Wann brauchen Sie einen Businessplan?

Ein Businessplan ist kein gesetzliches Erfordernis für die Firmengründung in der Schweiz. Weder das Obligationenrecht (OR) noch die Handelsregisterverordnung (HRegV) verlangen ein solches Dokument für den Eintrag ins Handelsregister. Trotzdem ist der Businessplan eines der wichtigsten Werkzeuge für angehende Unternehmer.

Situationen, in denen ein Businessplan zwingend ist

In der Praxis gibt es mehrere Situationen, in denen ohne Businessplan gar nichts geht:

  • Bankkredit – Keine Bank gewährt einen Geschäftskredit ohne fundierten Businessplan
  • Investorensuche – Business Angels, Venture-Capital-Gesellschaften und andere Investoren erwarten ein professionelles Dokument
  • Bürgschaftsgenossenschaften – Organisationen wie die BG Mitte oder BG Ost verlangen einen Businessplan als Grundlage für eine Bürgschaft
  • Förderprogramme – Kantonale Wirtschaftsförderungen und Stiftungen setzen einen Businessplan voraus
  • Franchise-Systeme – Franchise-Geber verlangen in der Regel einen standortspezifischen Businessplan

Auch ohne externe Finanzierung sinnvoll

Selbst wenn Sie keine externe Finanzierung benötigen, lohnt sich ein Businessplan. Er zwingt Sie, Ihre Geschäftsidee systematisch zu durchdenken. Viele Gründer stellen beim Erstellen fest, dass bestimmte Annahmen nicht haltbar sind – besser auf dem Papier als in der Realität.
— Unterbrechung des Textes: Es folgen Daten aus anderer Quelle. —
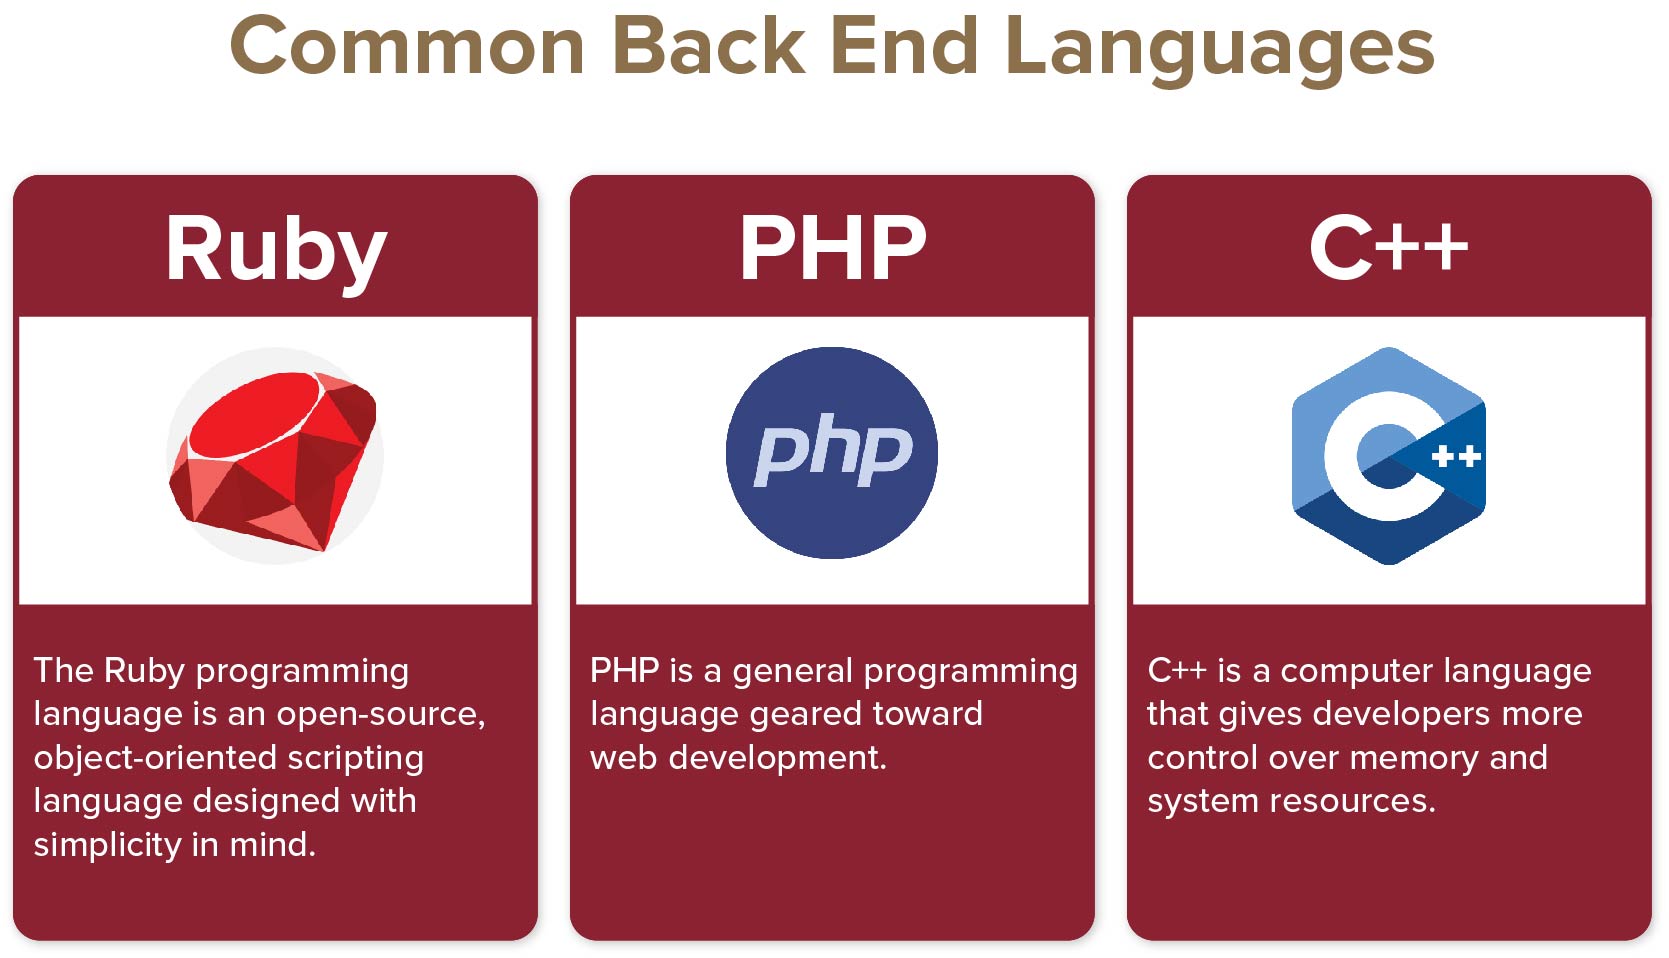 An image highlighting the three common back end languages mentioned in the article.

Ein guter Businessplan hilft Ihnen:

  • Risiken frühzeitig zu erkennen
  • Ihren Finanzbedarf realistisch einzuschätzen
  • Prioritäten klar zu setzen
  • Ihr Geschäftsmodell verständlich zu kommunizieren

Der Aufbau eines Businessplans

Ein professioneller Businessplan folgt einer bewährten Struktur. Im Folgenden erklären wir jeden Abschnitt im Detail.

1. Executive Summary

Die Executive Summary ist die Zusammenfassung Ihres gesamten Businessplans auf maximal zwei Seiten. Sie steht am Anfang des Dokuments, wird aber als Letztes geschrieben. Investoren und Bankberater lesen oft nur diesen Teil – er muss also überzeugen.
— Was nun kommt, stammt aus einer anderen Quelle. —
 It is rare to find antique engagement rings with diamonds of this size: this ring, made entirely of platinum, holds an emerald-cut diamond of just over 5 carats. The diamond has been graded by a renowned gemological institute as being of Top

Die Executive Summary enthält:

  • Geschäftsidee in zwei bis drei Sätzen
  • Zielmarkt und dessen Grösse
  • Alleinstellungsmerkmal (USP)
  • Finanzielle Eckdaten (Umsatzprognose, Finanzbedarf)
  • Team und dessen Qualifikationen
  • Rechtsform und Firmenstruktur

Tipp: Schreiben Sie die Executive Summary so, dass jemand ohne Vorkenntnisse Ihr Geschäftsmodell innert zwei Minuten versteht.

2. Unternehmensbeschreibung

In diesem Abschnitt beschreiben Sie Ihr Unternehmen im Detail:

  • Firmenname und Rechtsform (Einzelfirma, GmbH, AG)
  • Sitz des Unternehmens
  • Gründungsdatum oder geplantes Gründungsdatum
  • Vision und Mission – Was wollen Sie langfristig erreichen?
  • Unternehmensstruktur – Gesellschafter, Beteiligungen, Organigramm

Erklären Sie auch, warum Sie sich für die gewählte Rechtsform entschieden haben. Die Wahl zwischen Einzelfirma, GmbH und AG hat weitreichende Konsequenzen für Haftung, Steuern und Sozialversicherungen.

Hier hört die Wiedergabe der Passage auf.